CPE Bach

CPE Bach’s orchestral works surprise and shock with their stormy expressivity, lurching key changes, dramatic shifts and febrile energy. Daring and innovative first movements contrast with wistful slow movements and playful, dancing finales. Bach’s patron commissioned him to write the string symphonies Wq 182 ‘without regard to the difficulties of execution’, and the music scales the heights and plumbs the depths of both emotion and technique.

Our rating

4

Published: July 9, 2015 at 1:37 pm

COMPOSERS: CPE Bach
LABELS: Signum
WORKS: Symphonies: in D, WQ 183/1; in A, WQ182/4; in B minor, WQ182/5; in F, WQ183/3; in E flat, WQ179
PERFORMER: Orchestra of the Age of Enlightenment/Rebecca Miller
CATALOGUE NO: SIGCD 395

CPE Bach’s orchestral works surprise and shock with their stormy expressivity, lurching key changes, dramatic shifts and febrile energy. Daring and innovative first movements contrast with wistful slow movements and playful, dancing finales. Bach’s patron commissioned him to write the string symphonies Wq 182 ‘without regard to the difficulties of execution’, and the music scales the heights and plumbs the depths of both emotion and technique. The later symphonies, Wq 183, are boldly painted with a colourful orchestral palette, obbligato wind instruments highlighting the composer’s peppery sonorities and chromaticisms.

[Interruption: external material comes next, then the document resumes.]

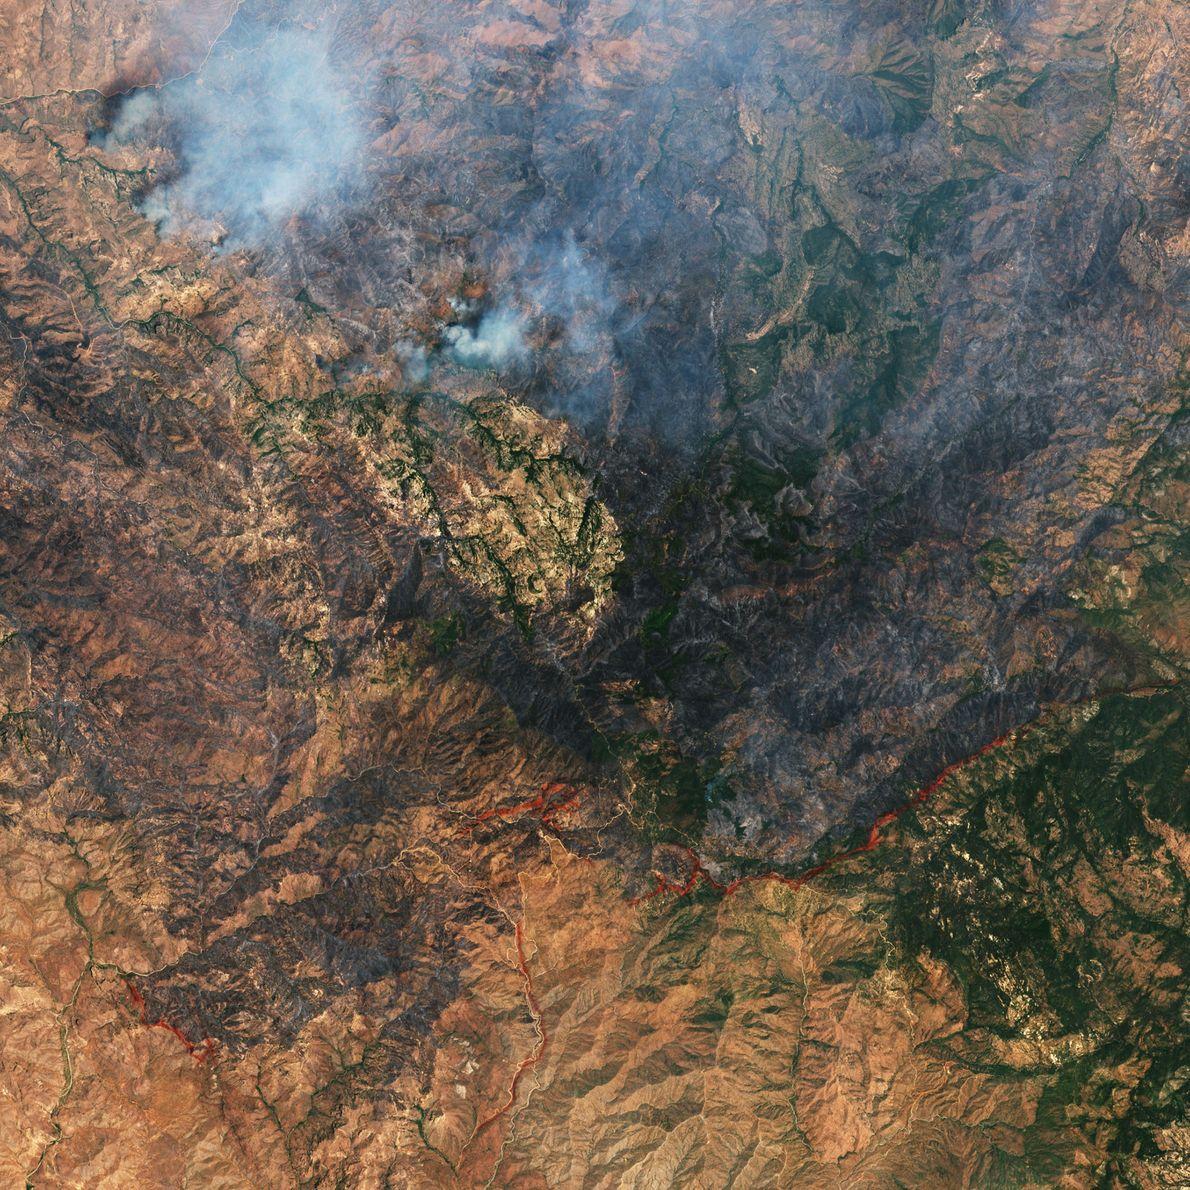 No dia 8 de junho, um enorme incêndio destruiu trechos de vegetação a leste de Phoenix, ...
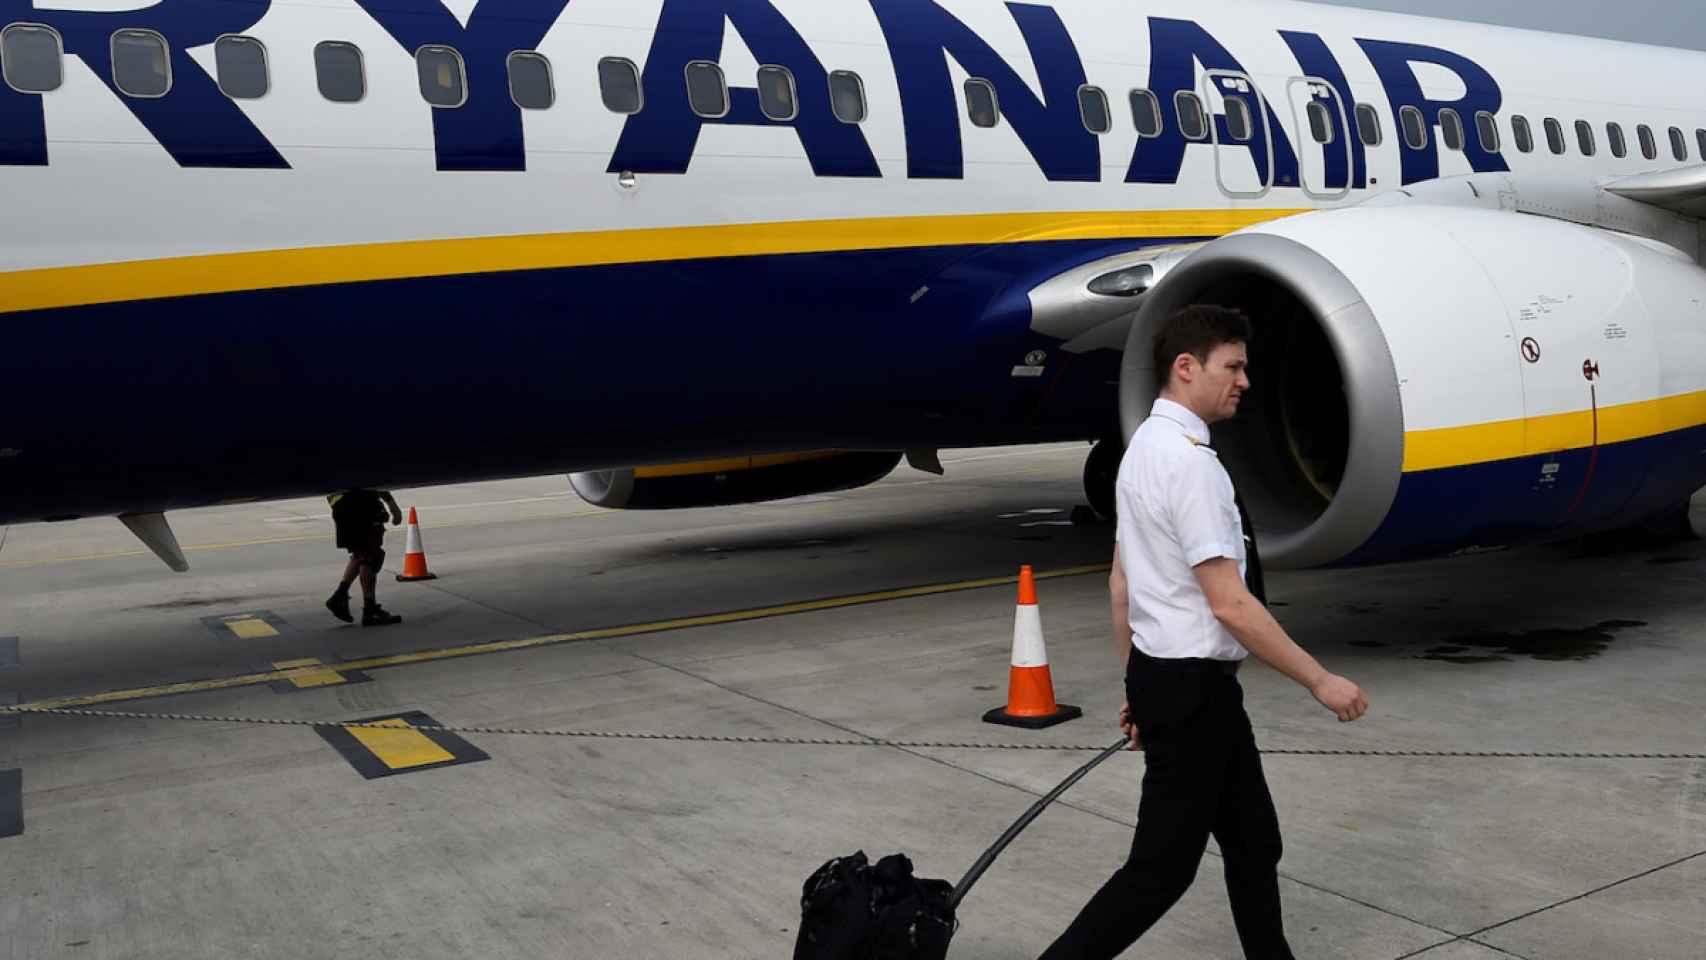 Un tripulante de cabina de Ryanair en una imagen de archivo.

In these live performances given at London’s Queen Elizabeth Hall, Rebecca Miller draws assured and ebullient playing from the OAE. Tempos are well-judged for the acoustic and, though Miller exploits a wide dynamic range, she never overplays the music’s inherent drama. The orchestral sound is rich and suave, ensemble and intonation are polished – even, perhaps, rather too refined for these Sturm and Drang works. For a grittier and more incisive approach, consider Gustav Leonhardt’s still fresh-sounding recording of select symphonies with the same orchestra of 15 years ago.